Playing Parental Whack-A-Mole: 6 Tips for Staying Sane in the Insanity of Youth Sports
So you are the parent who tires to stay above the fray of the parenting sports frenzy.
You don’t watch every minute of practice.
You don’t cross-examine your child after each workout or meet.
You assume good faith with your child’s coaches.
You refrain from comparing your kid’s “talent” and achievement with those of her teammates.
And then it happens.
Maybe it is that throw away line from a parent in your car pool: “My kid must be making great progress because she just got bumped to Group B, not C.”
Or it is the parent who makes the off the cuff remark on one of the few occasions you stop in the gym instead of doing the usual drop and run: “I hope your daughter wasn’t too upset when she was the only one who didn’t get to do her full on floor the other day.”
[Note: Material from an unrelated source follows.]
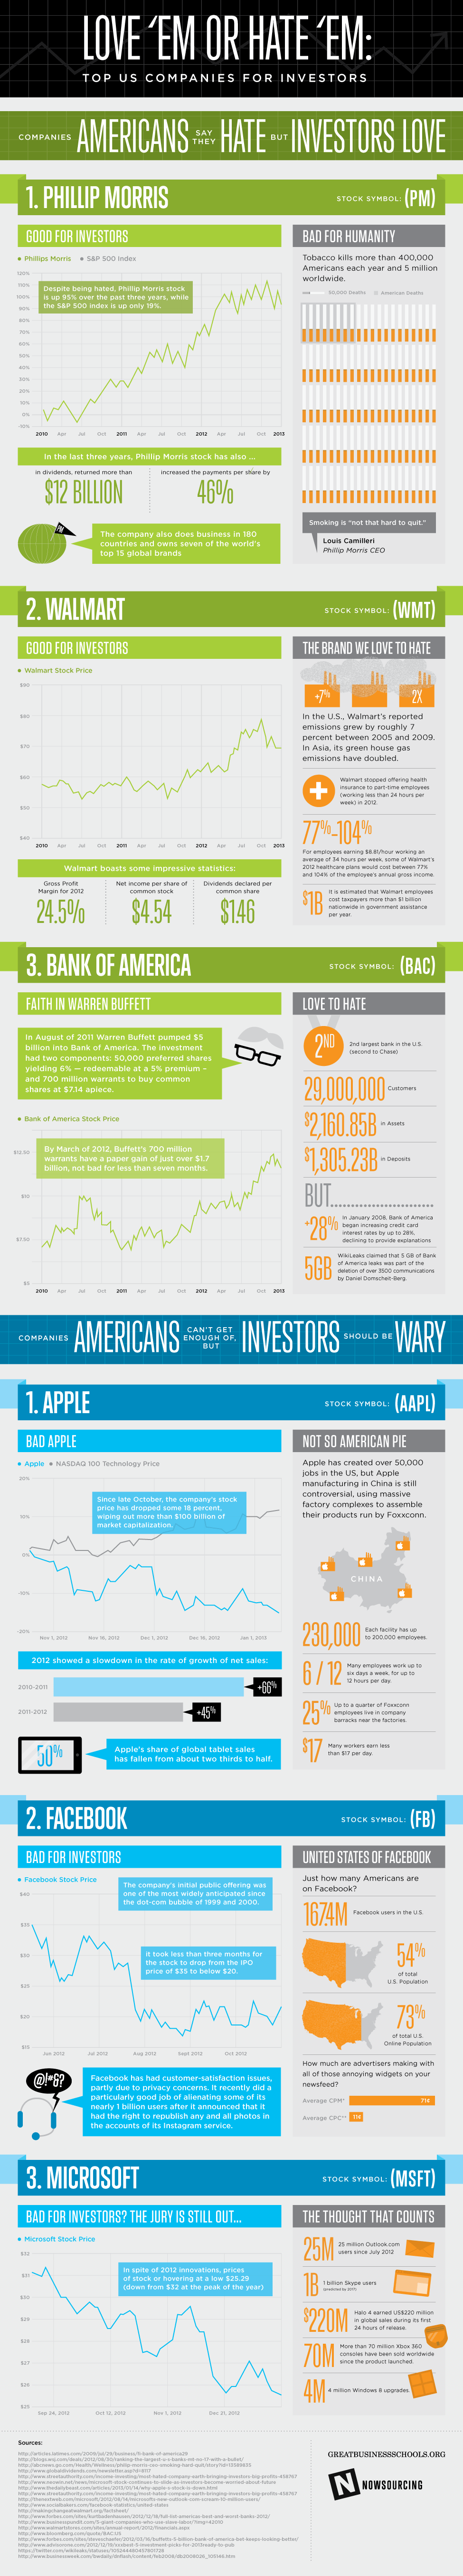 Love 'Em or Hate 'Em: Top US Companies for Investors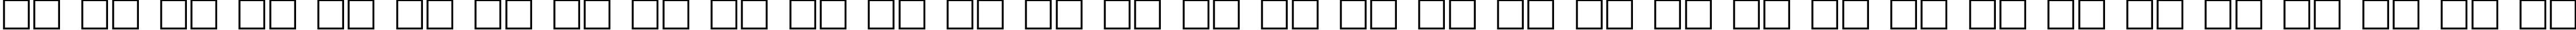 Пример написания русского алфавита шрифтом EpsilonCTT

Or maybe it is even the self-doubt that creeps in when you notice a perceived slight: “I wonder why my kid was the only one from our club in camp group 7 during our gym’s summer camp…”
And, bam! There you are turning into the parent that you swore you were not going to be.
You are tempted to watch practice to find out what is going on.
You start to question you child on the car ride home.
You question whether the coaches are paying sufficient attention to your child…maybe they never liked her in the first place?
You begin to panic that your daughter is falling behind, not cutting it and is doomed to an athletic life of mediocrity.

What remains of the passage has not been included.